> SOURCE DATA:
________________________

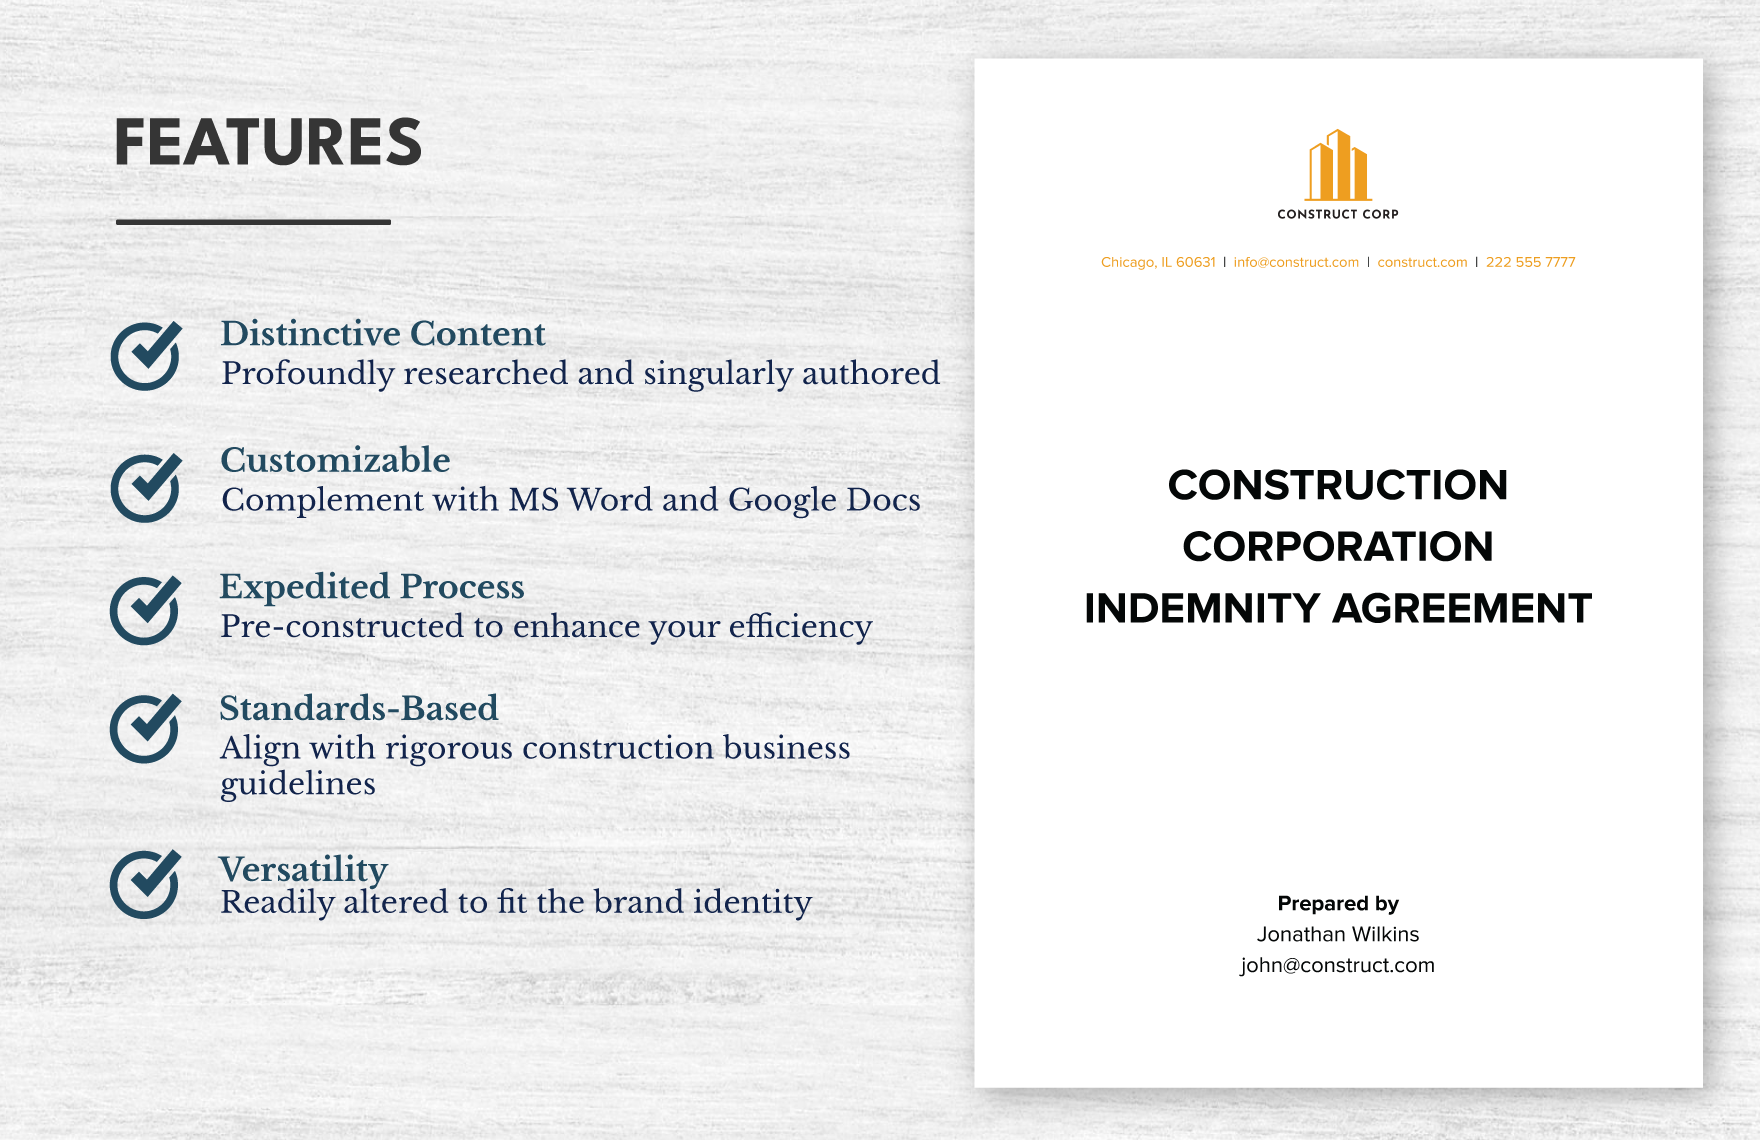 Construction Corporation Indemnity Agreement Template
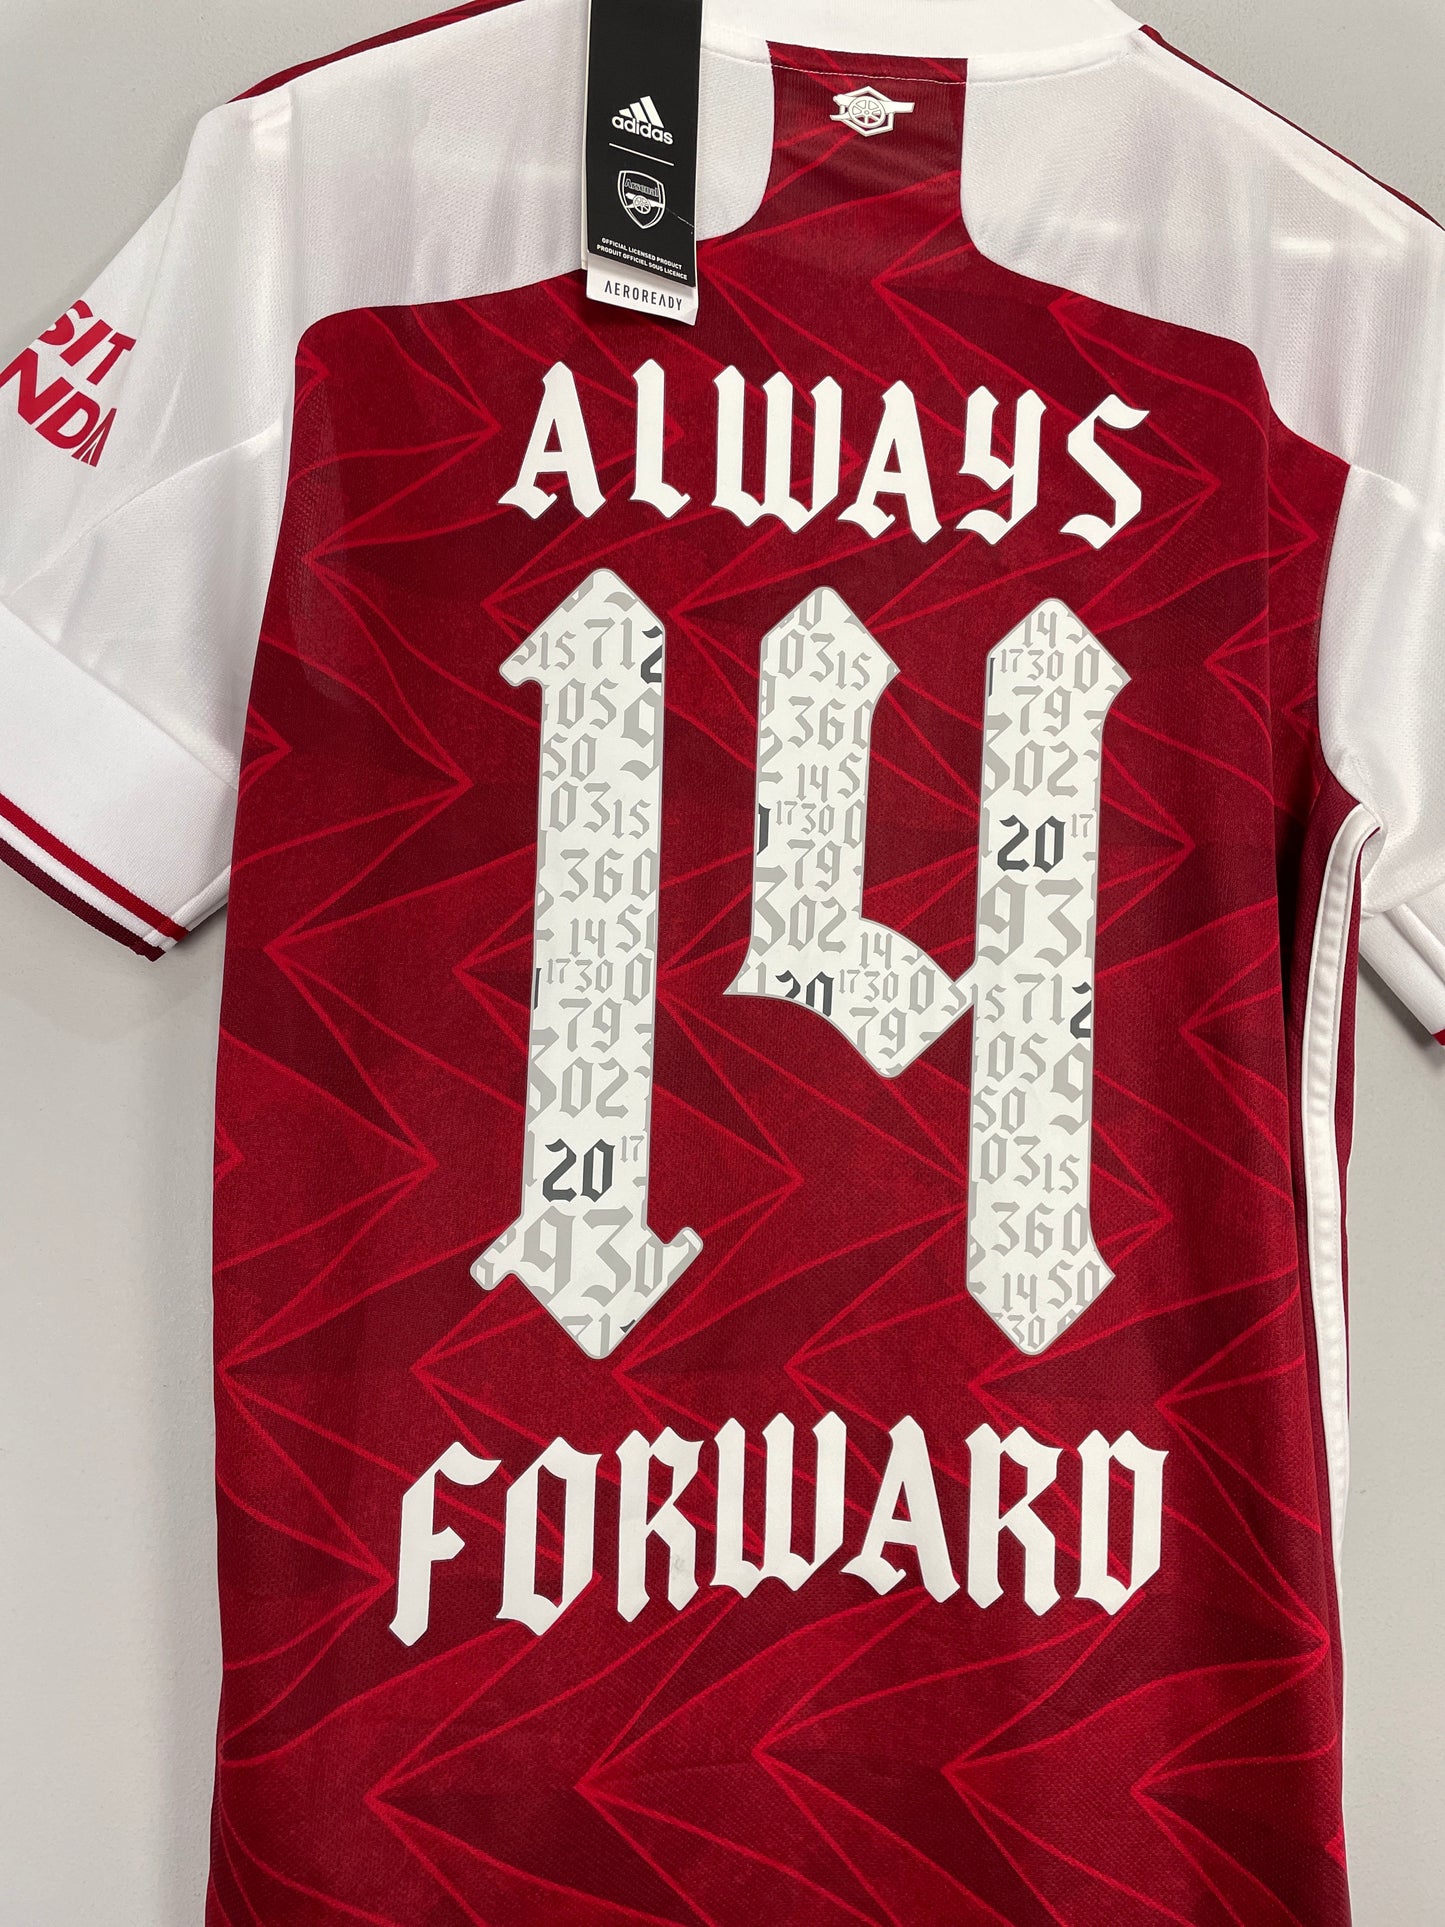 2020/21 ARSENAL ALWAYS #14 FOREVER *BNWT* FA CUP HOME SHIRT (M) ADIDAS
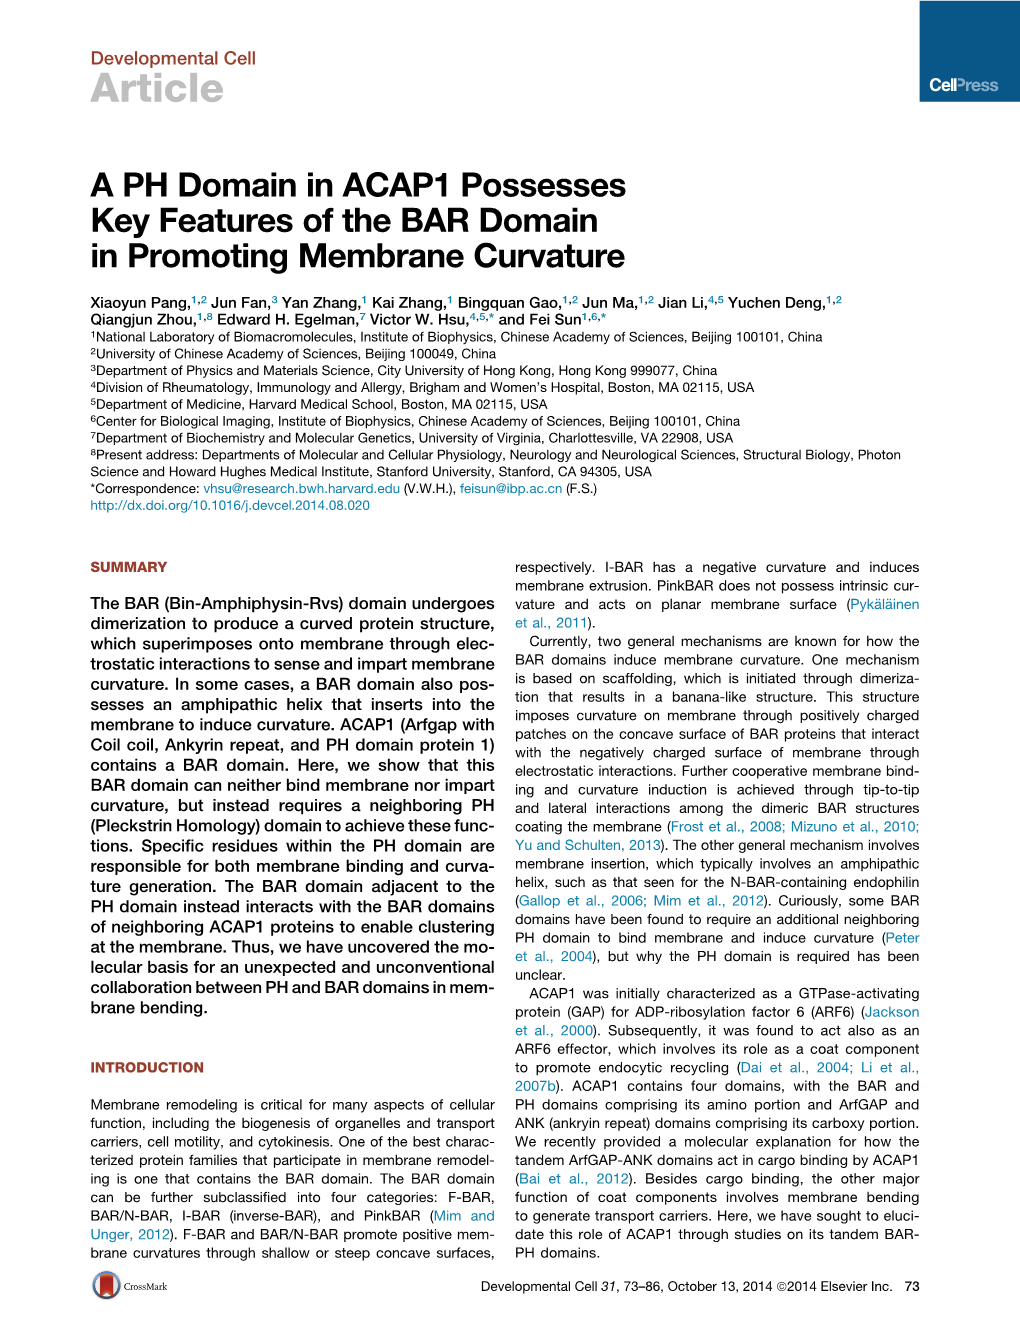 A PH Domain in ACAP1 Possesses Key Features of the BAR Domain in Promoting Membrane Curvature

________________________

Strip out the pictures and repeat the listing above exactly.

> EXERCISE OUTPUT:
 Construction Corporation Indemnity Agreement Template
 2020/21 ARSENAL ALWAYS #14 FOREVER *BNWT* FA CUP HOME SHIRT (M) ADIDAS
 A PH Domain in ACAP1 Possesses Key Features of the BAR Domain in Promoting Membrane Curvature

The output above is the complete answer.